I think the difference in scalability comes down to this: Wherever you've got a larger cluster of people, instead of an individual, you need someone on site with good organizational
leadership skills.

iPhone has massive opportunity but also massive competition. Things have been going for a while on the platform - how do you feel about entering it now? What do you think you learned from observing things up till now?

It's been great to watch. Interesting games pop up all the time. I love Zen Bound. I keep waiting for flOw to come to iPhone. The first time you launch a game on a new platform, you learn a lot about the process.

The App Store, pricing model, user reviews, the impact of timing all your initial press and materials "just to chart" initially, the later impact of updates...these are all interesting bits of information that publishers and developers are still assembling.

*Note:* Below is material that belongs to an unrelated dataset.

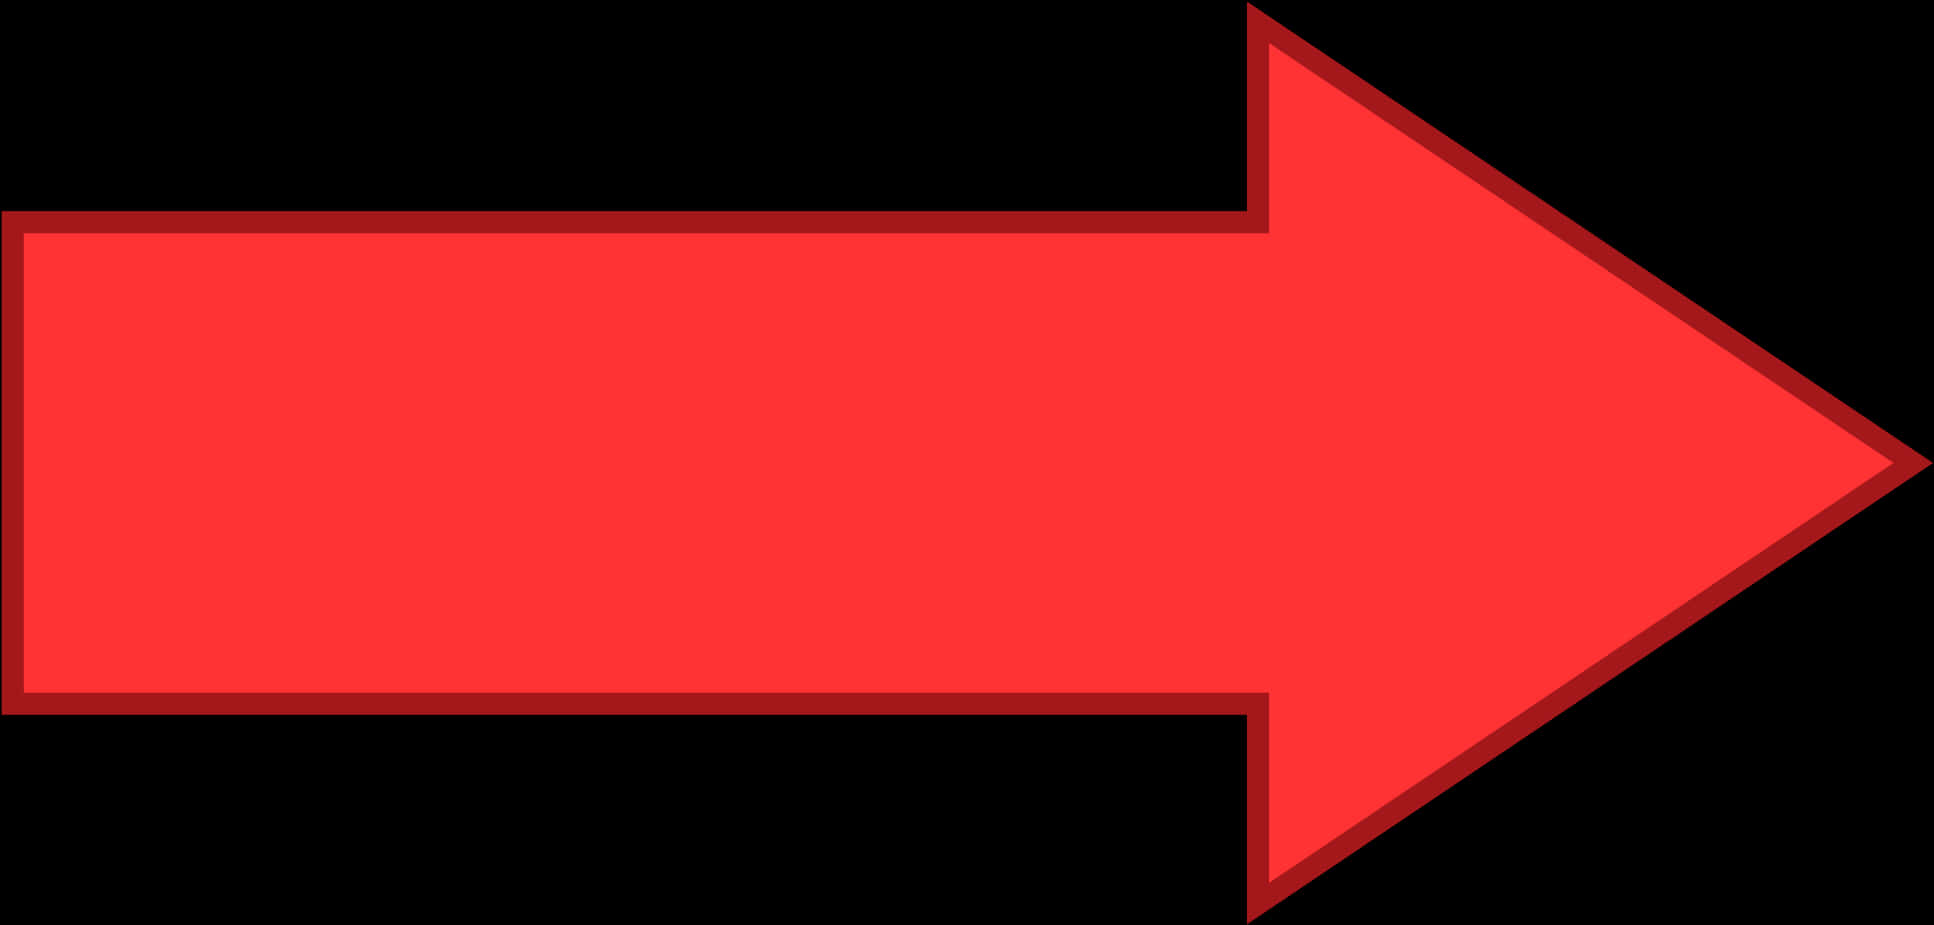 Simple Border Red Arrows

You had some notably public issues with creative control with Midway. Does working on a smaller project like this address those issues for you personally?

On a small game, it's more likely that the creative desires of the individual contributors translate to the screen. That's a joy. Even 10 years ago, a much smaller team could make an interesting game. Working on Deus Ex, in the map editor, on the story and on game systems, there was far less influence and approval process from outside the team than there is at some companies.

It's not just size...even some large companies are organized in ways that give a development team the autonomy to enhance certain features and to cut others; to make personnel decisions not based on a departmental/silo approach but in a way that serves the specific goals of the game; and to break off from external tech or time dependencies when the time is right.

What about genre and target concerns of the iPhone platform? Coming from a background of creating very deep and complicated games on PCs and consoles, how do you view the audience for iPhone? Are those differences appealing to you creatively?

Every day with Arkane Studios, Raphael and I are working with teams of people on a project that is very complicated and that hopefully will be very satisfying to players with tastes like ours.

This type of game is why I came to work here; it's a return to first-person games with depth, specifically at an independent company, where I believe it's possible to invest creatively.

My favorite games of the last few years are Fallout 3 and BioShock, but the iPhone is another platform altogether. When I play games on my iPhone, I've got 10 minutes to kill. For that, I love games like Drop7, Primrose or KarmaStar.